Ich beauftragte einen privaten Winterdienstleister um von Nov 2010 bis März 2010 für mich den Winterdienst zu leisten. Bezahlte dafür im Voraus stolze 343,87 €.
Jetzt wäre nun schon 2 x Winterdienst notwendig am 26.11.2010 und am 02.12.2010 an beiden Tagen erfolgte er nicht. Ich rief auch an beiden Tagen an und man erzählte mir irgendeine Geschichte, dass beim ersten Mal noch nicht genug Schnee da war und das das Räumen zwecklos wäre, aber es war ebend auch sehr glatt und es hätte gestreut werden müssen. Beim zweiten Telefonat am 2.12.10 erklärte er mir, dass man erst zu spät ausgefahren ist und es wäre ein Mitarbeiter um 10:30 Uhr Vorort gewesen und hätte geräumt.

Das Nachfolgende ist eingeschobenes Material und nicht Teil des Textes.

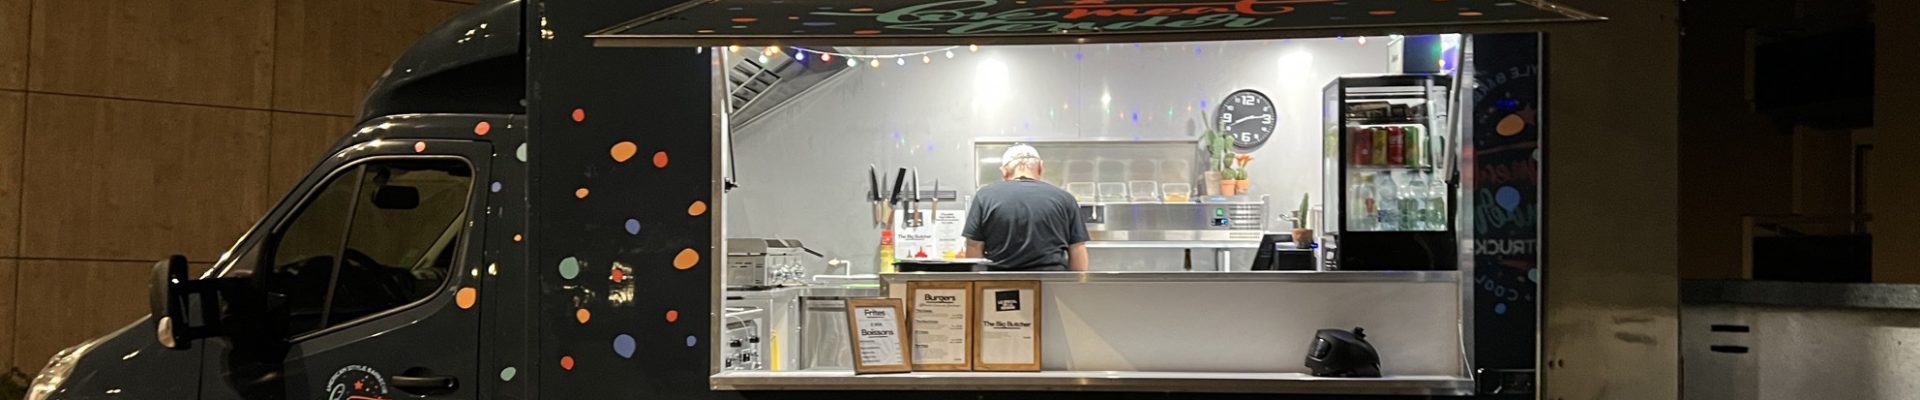 [On a testé] Love Meat Tender, le food truck qui sublime les burgers

Das ist eine unverschämte Lüge, denn ich räume selbst in der Zeit von 10 - 11:30 Uhr die Flächen selbst und hätte einen Räumdienst wohl bemerkt. Nun bin ich natürlich sehr verärgert und möchte die Pflichtverletztung anzeigen. Welche Rechte habe ich und kann ich den Vertrag vorzeitig kündigen und mein Geld zurück verlangen?
Hallo Richard,
da durch Deinen Dienstleister die vereinbarten Leistungen nicht erbracht wurde, kannst Du den Vertrag sofort, aber schriftlich kündigen. Das bereits gezahlte Endgeld muß er zurück erstatten.
Seriöse Anbieter berechnen ihre Leistungen per Stunde, und auf Rechnung am Monatsende. Möglich ist auch die Berechnung einer monatlichen Bereitschaftspauschale. Der Stundensatz eines vernünftigen Anbietrs wird um die 18,- Euro und die Pauschale um 50,- Euro liegen.

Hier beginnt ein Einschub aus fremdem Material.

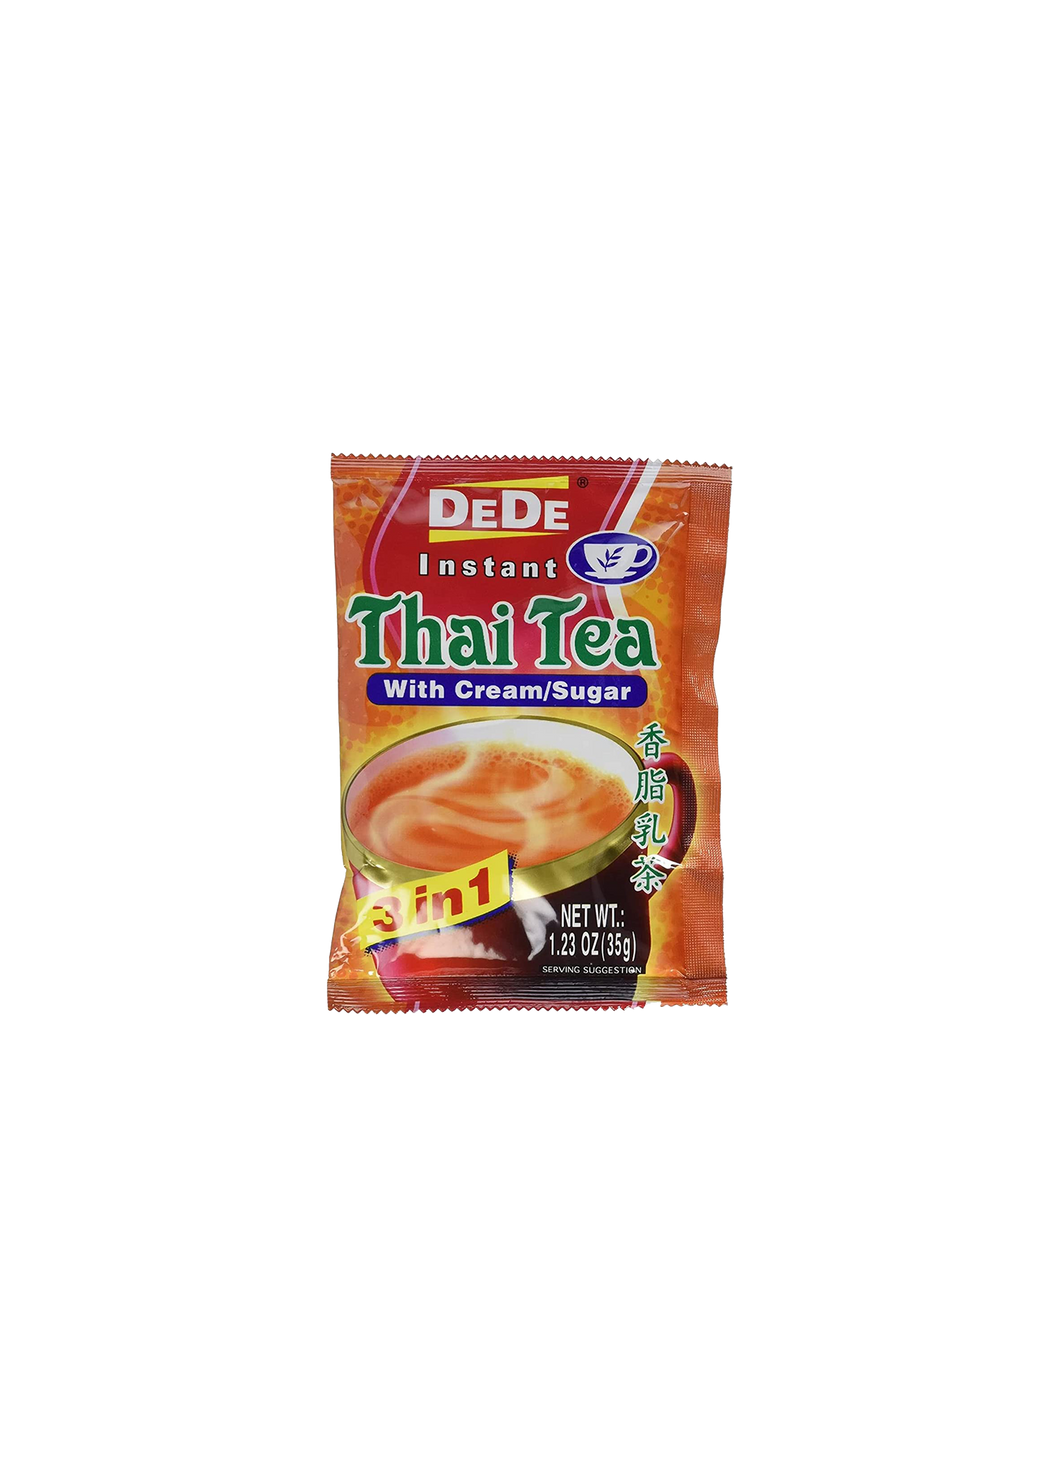 DeDe Instant Thai Tea with cream/sugar 35g

So wie es klingt hast Du ein schwarzes Schaf der Branche erwischt das sicherlich nicht ohne weiteres den Betrag zurückzahlen wird !
In jedem Fall bist Du im Recht und kannst Dich ohne weiteres von diesem Anbieter trennen.

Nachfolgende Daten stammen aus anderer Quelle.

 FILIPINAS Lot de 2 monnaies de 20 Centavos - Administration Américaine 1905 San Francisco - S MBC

Lass ihm Deine Kündigung aber in jedem Fall per Einschreiben mit Rückschein zukommen, so bist Du auf der sicheren Seite.
Gruß Patrick
Danke für die schnelle Antwort. Ich habe gleich hingesetzt und die Kündigung geschrieben, denn heute hat es wieder 8 cm geschneit und kein Winterdienst hat sich sehen lassen, um 13 Uhr leistete ich also die Ersatzmaßnahme mit meiner Familie und fotografierte aber noch den IST-Zustand als Beweis.
Eine kleine Frage noch, kann ich die Ersatzmaßnahmen der Firma in Rechnung stellen?
Liebe Grüße von
Richard
Die jeweiligen Wetterlagen und gefahrene Einsätze (bzw. erforderliche und nicht gefahrene Einsätze) protokollieren. Dann über einen Anwalt, sonst wird`s sicherlich schwer…
Hallo Richard,
Ersatzansprüche kannst Du nur dann geltend machen wenn ihr diese vertraglich Vereinbart habt (schriftlich).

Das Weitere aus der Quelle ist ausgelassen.